§ Task statement: Leave out every picture and set down, exactly, the lines below from the one holding "Canal #Barcelona de l'iRC-Hispano" up to and including the one holding "Zildjian-14-K-Custom-Special-Dry-Hi-hat-cm-36-sku-9022057213071".

§ Given entries:
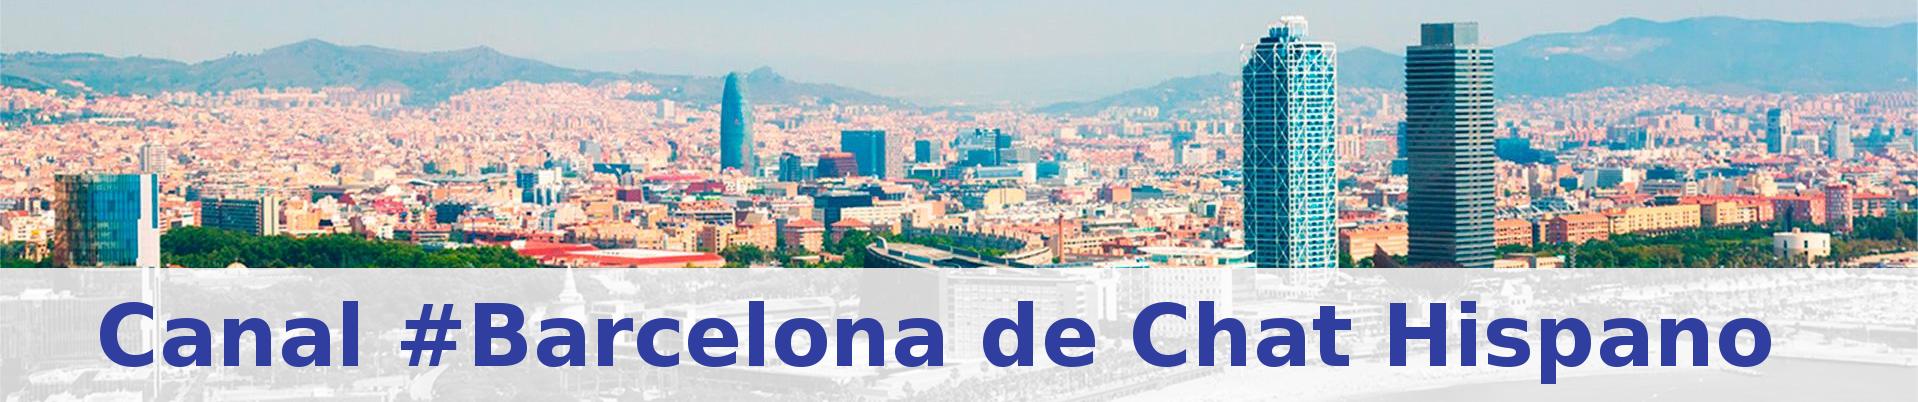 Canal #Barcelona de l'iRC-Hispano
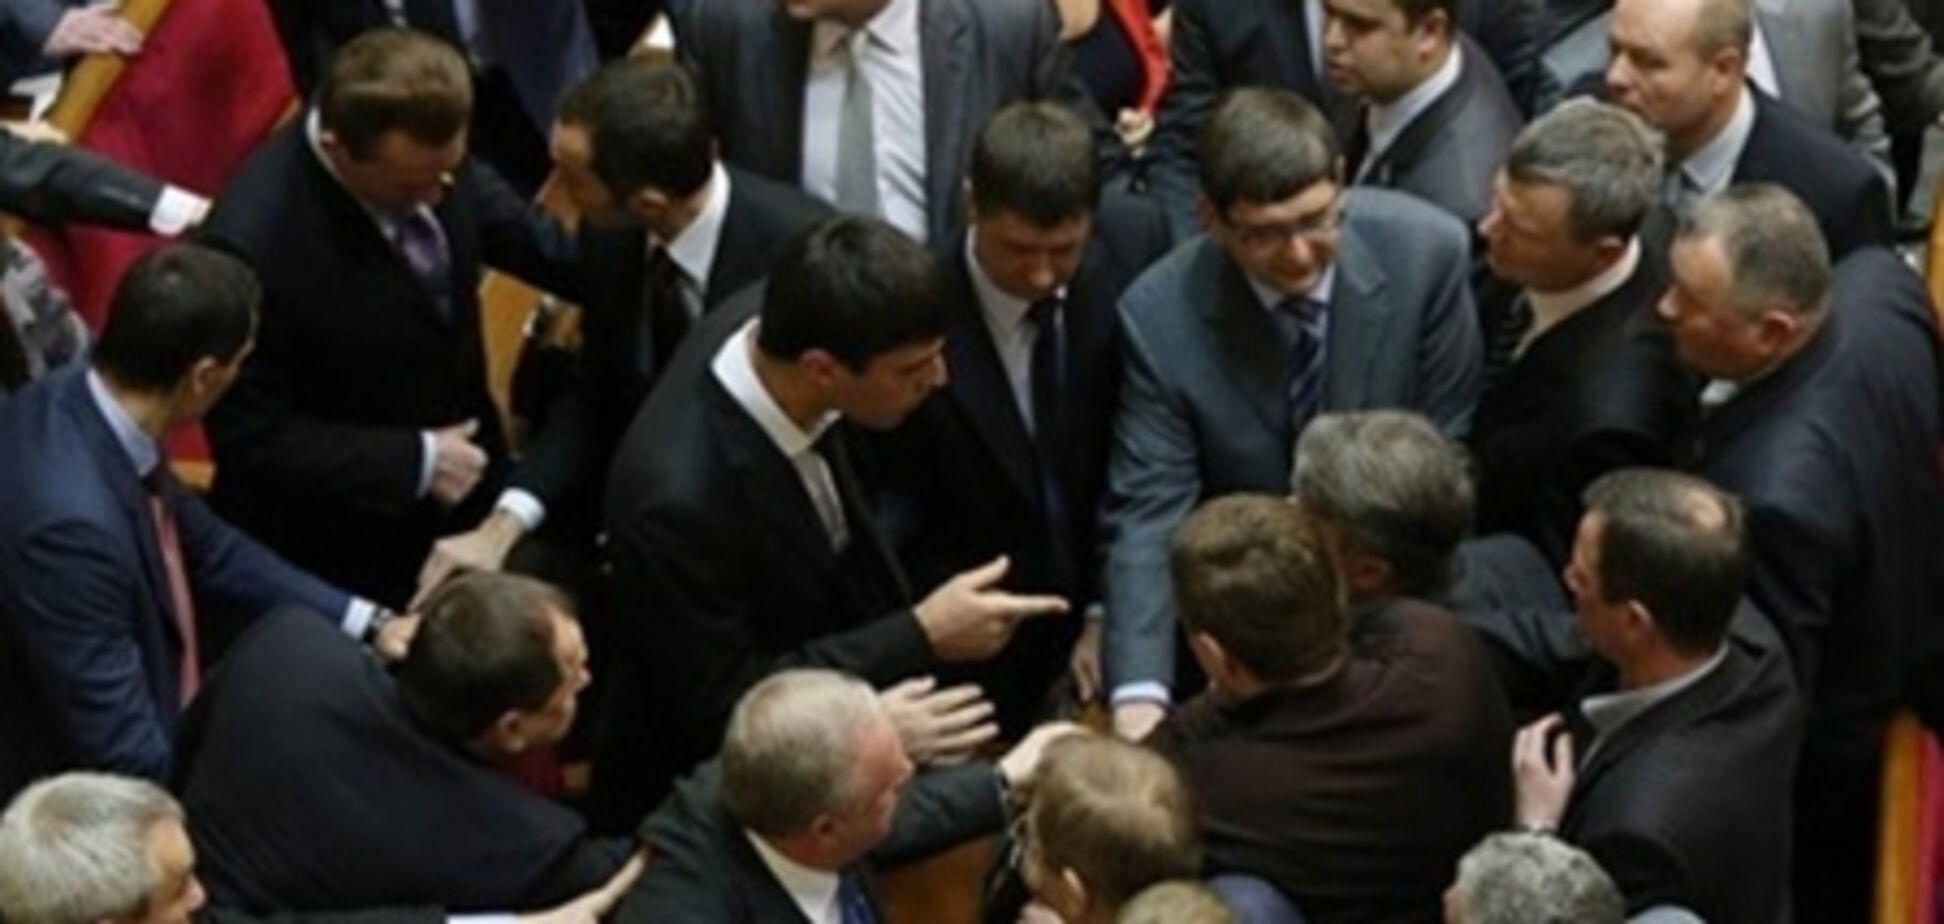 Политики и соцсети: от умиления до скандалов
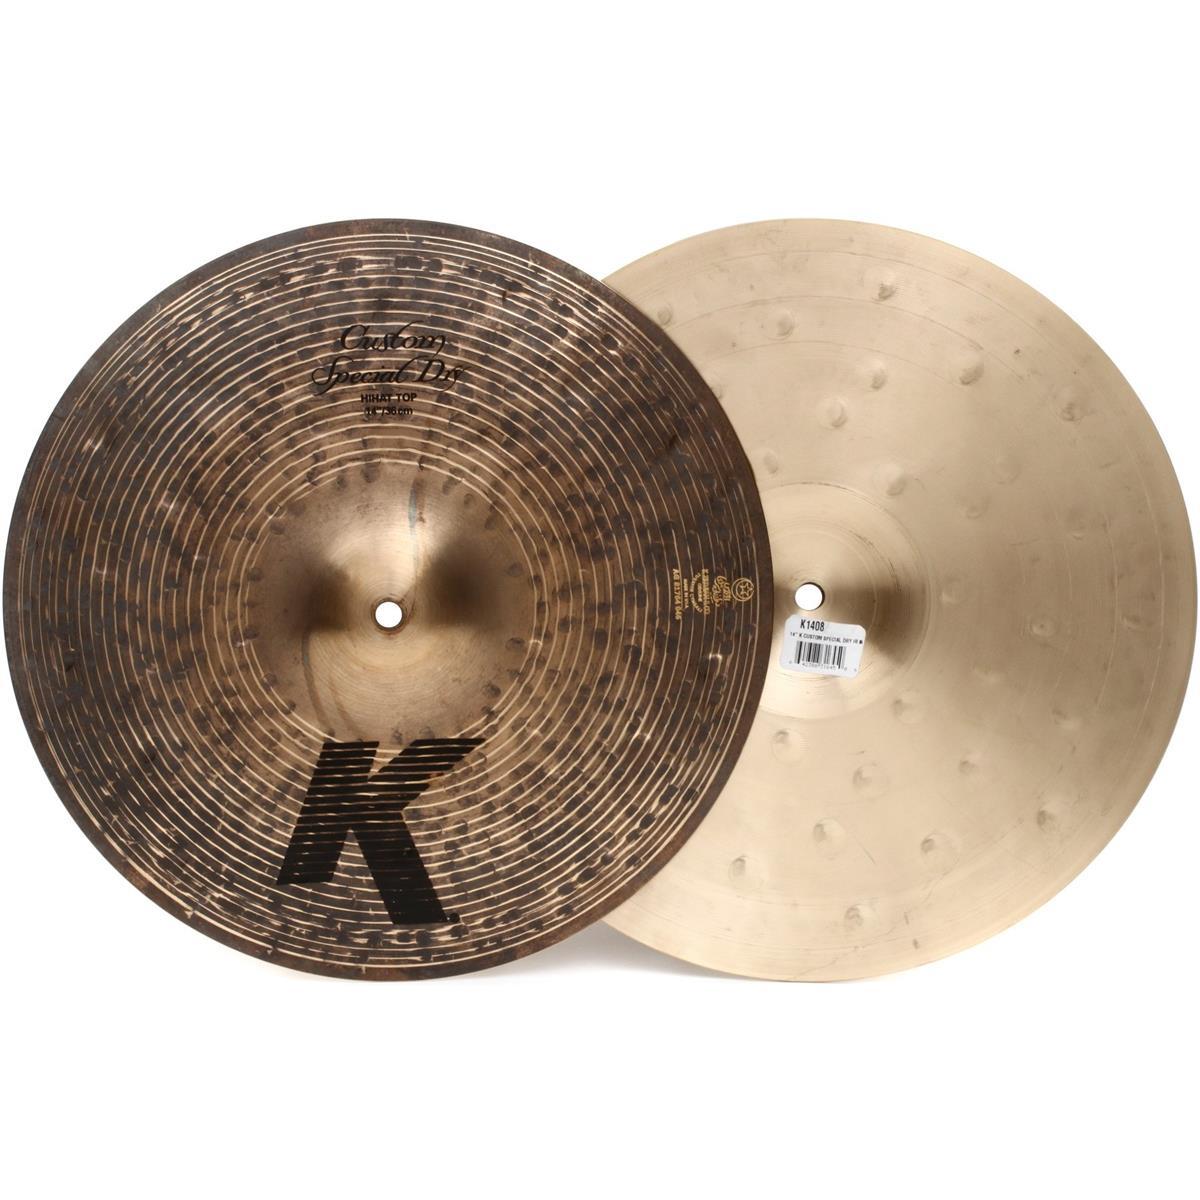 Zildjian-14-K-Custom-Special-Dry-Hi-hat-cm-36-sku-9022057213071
--
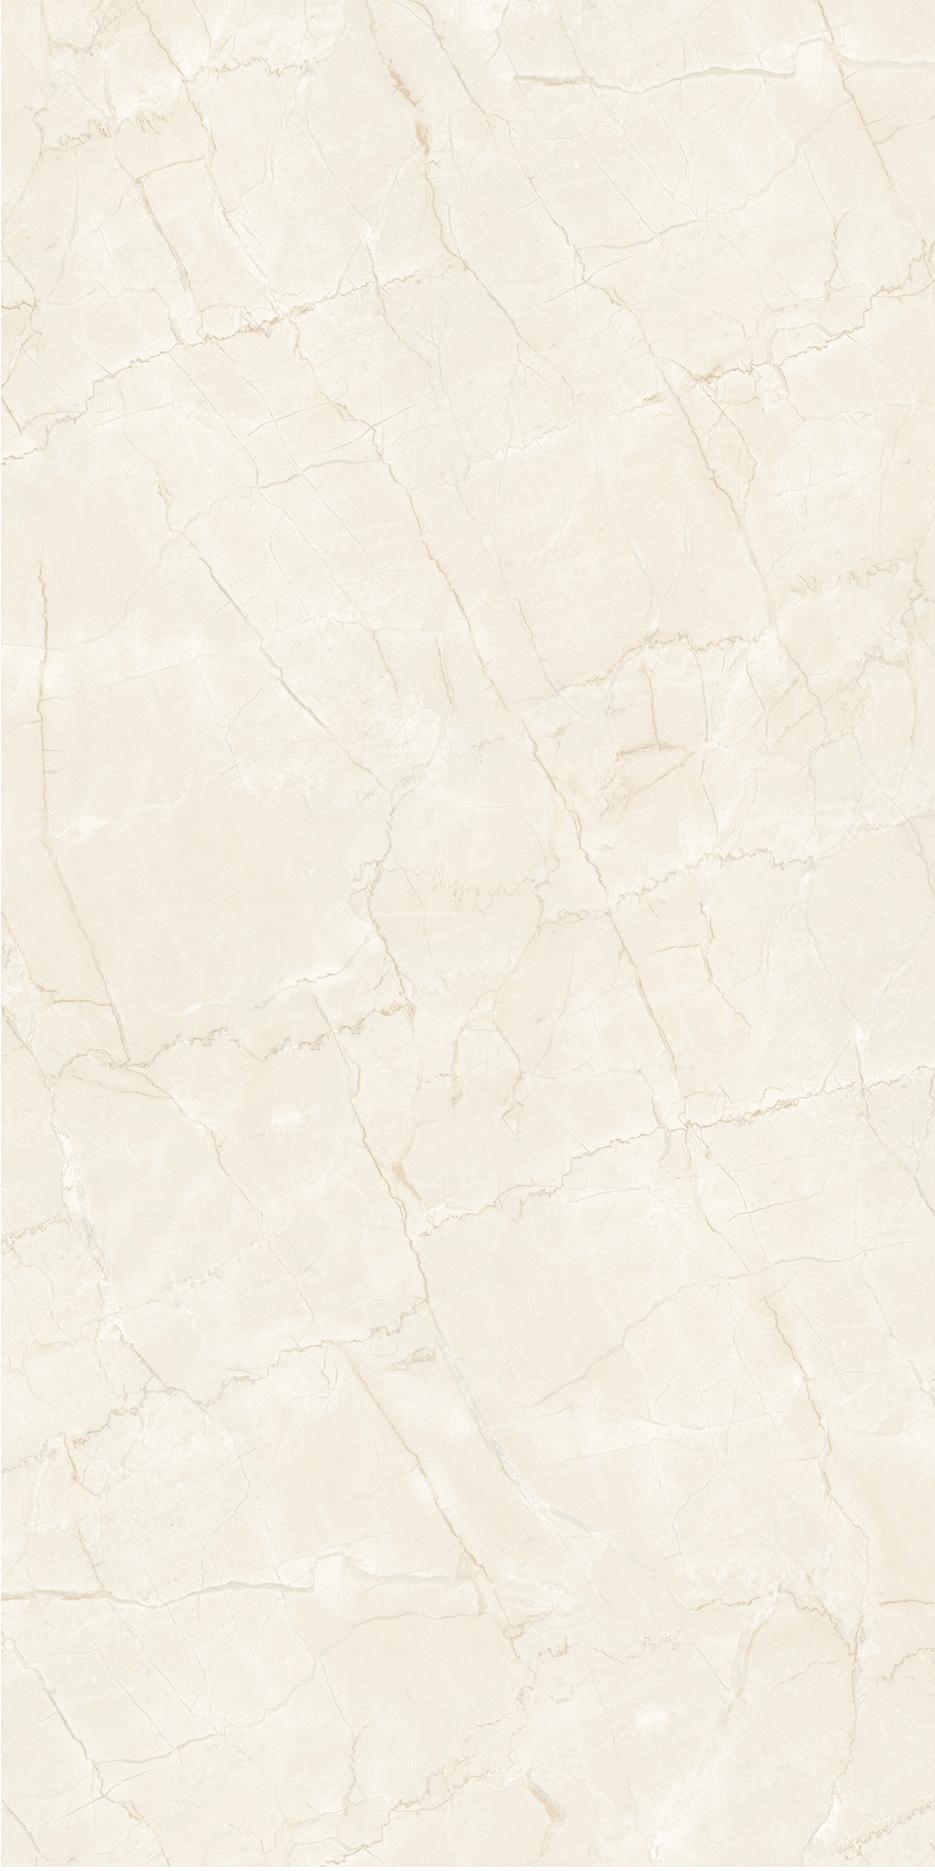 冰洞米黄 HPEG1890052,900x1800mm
---
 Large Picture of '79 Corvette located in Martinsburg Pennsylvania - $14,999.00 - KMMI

§ Reply:
 Canal #Barcelona de l'iRC-Hispano
 Политики и соцсети: от умиления до скандалов
 Zildjian-14-K-Custom-Special-Dry-Hi-hat-cm-36-sku-9022057213071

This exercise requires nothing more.